In order to increase cohesive strength of the coated adhesive composition, a multifunctional (meth)acrylate may be incorporated into the blend of polymerizable monomers. Multifunctional acrylates are particularly useful for emulsion or syrup polymerization. Examples of useful multifunctional (meth)acrylate include, but are not limited to, di(meth)acrylates, tri(meth)acrylates, and tetra(meth)acrylates, such as 1,6-hexanediol di(meth)acrylate, poly(ethylene glycol)di(meth)acrylates, polybutadiene di(meth)acrylate, polyurethane di(meth)acrylates, and propoxylated glycerin tri(meth)acrylate, and mixtures thereof. The amount and identity of multifunctional (meth)acrylate is tailored depending upon application of the adhesive composition. Typically, the multifunctional (meth)acrylate is present in amounts less than 5 parts based on total dry weight of adhesive composition. More specifically, the crosslinker may be present in amounts from 0.01 to 5 parts, preferably from 0.05 to 1 parts, based on 100 parts total monomers of the adhesive composition.
In some embodiments, the copolymer of the inventive PSA film may comprise:
The adhesive (co)polymers herein may be prepared by any conventional free radical polymerization method, including solution, radiation, bulk, dispersion, emulsion, and suspension processes. For optical applications, solution, UV and bulk processes are preferred.
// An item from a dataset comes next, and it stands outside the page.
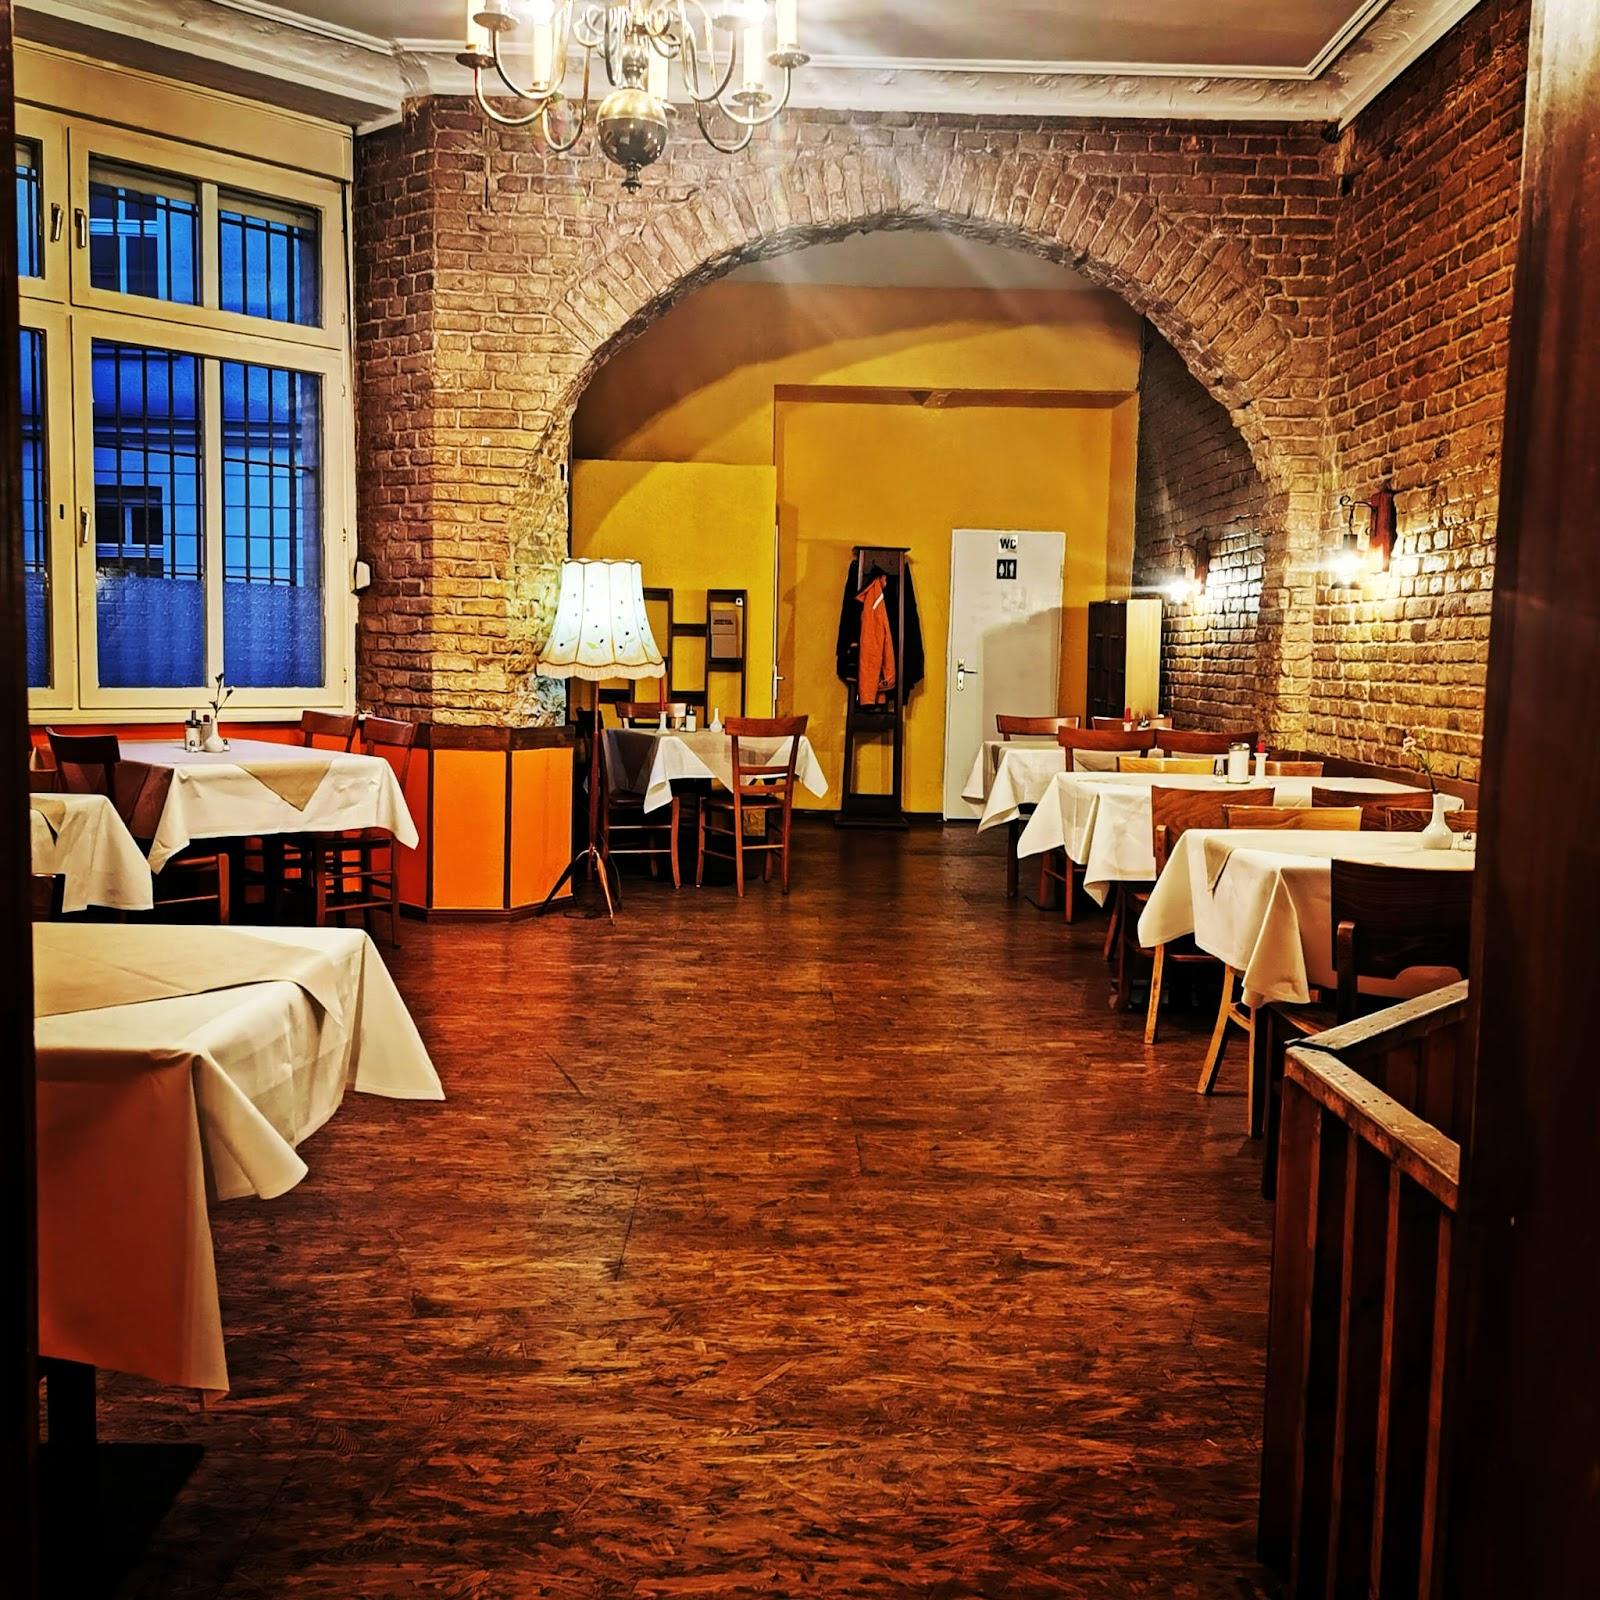 Restaurant "Sei Fornelli" in Berlin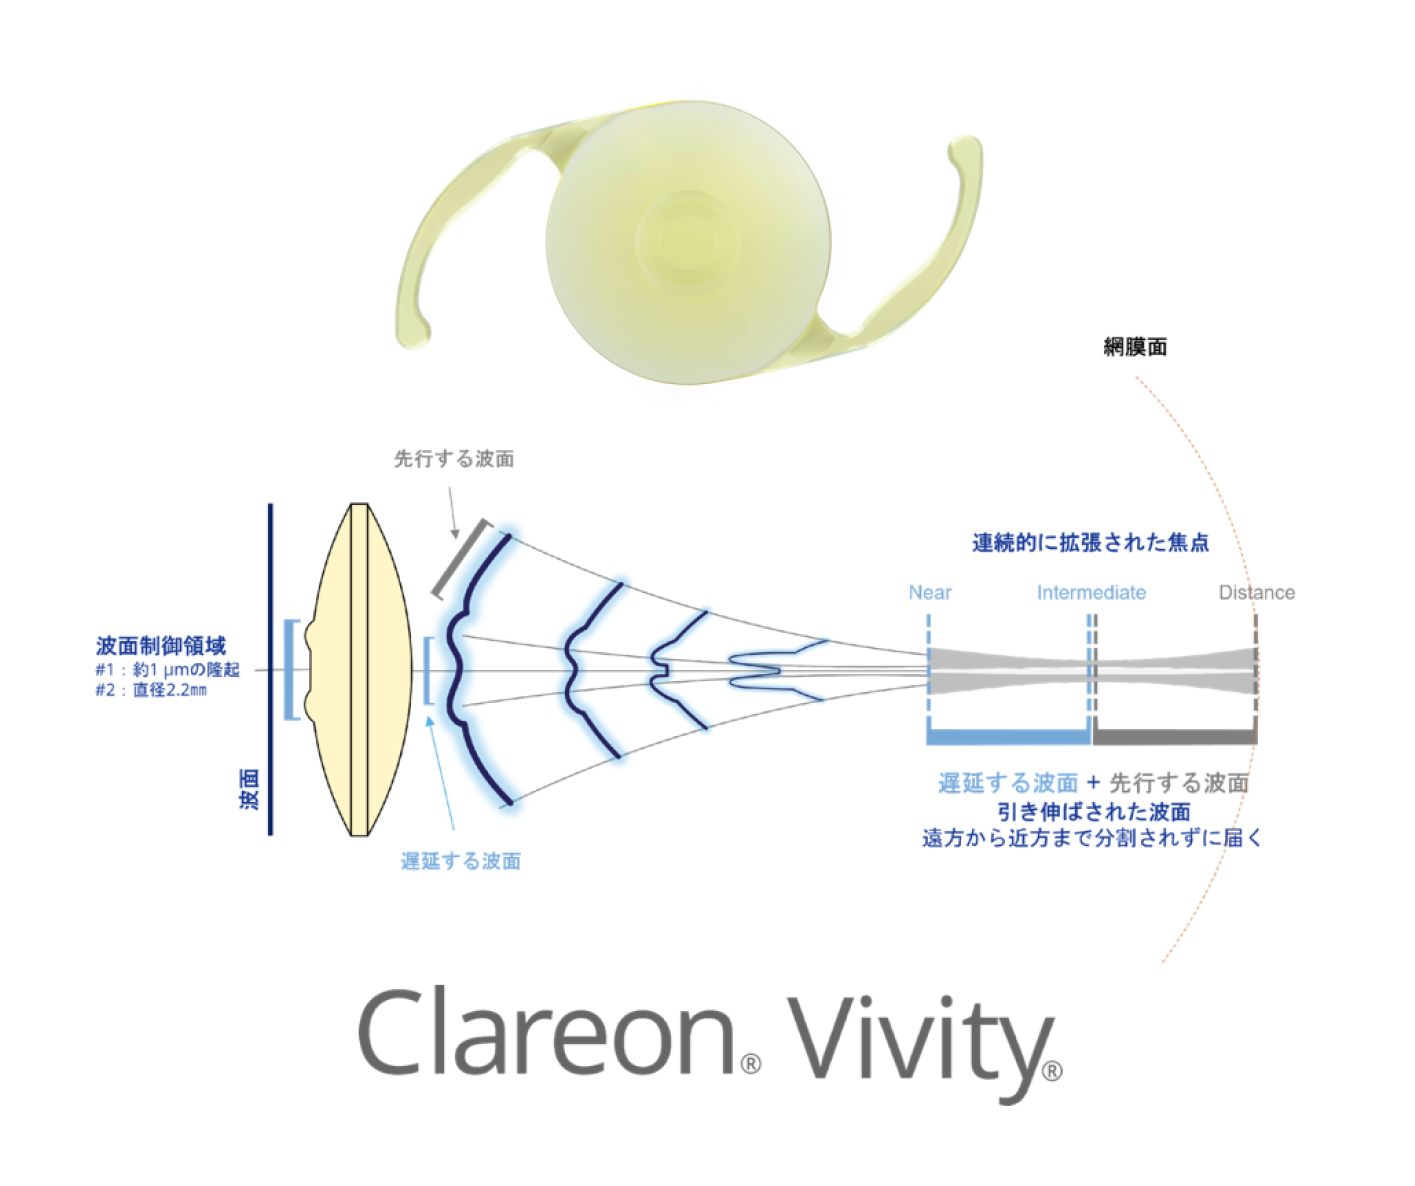 Clareon Vivity

Other processes may introduce birefringence or foreign materials that may affect optic properties. The resulting adhesive (co)polymers may be random or block (co)polymers.
The adhesive copolymers may be prepared via suspension polymerizations as disclosed in U.S. Pat. No. 3,691,140 (Silver); U.S. Pat. No. 4,166,152 (Baker et al.); U.S. Pat. No. 4,636,432 (Shibano et al); U.S. Pat. No. 4,656,218 (Kinoshita); and U.S. Pat. No. 5,045,569 (Delgado).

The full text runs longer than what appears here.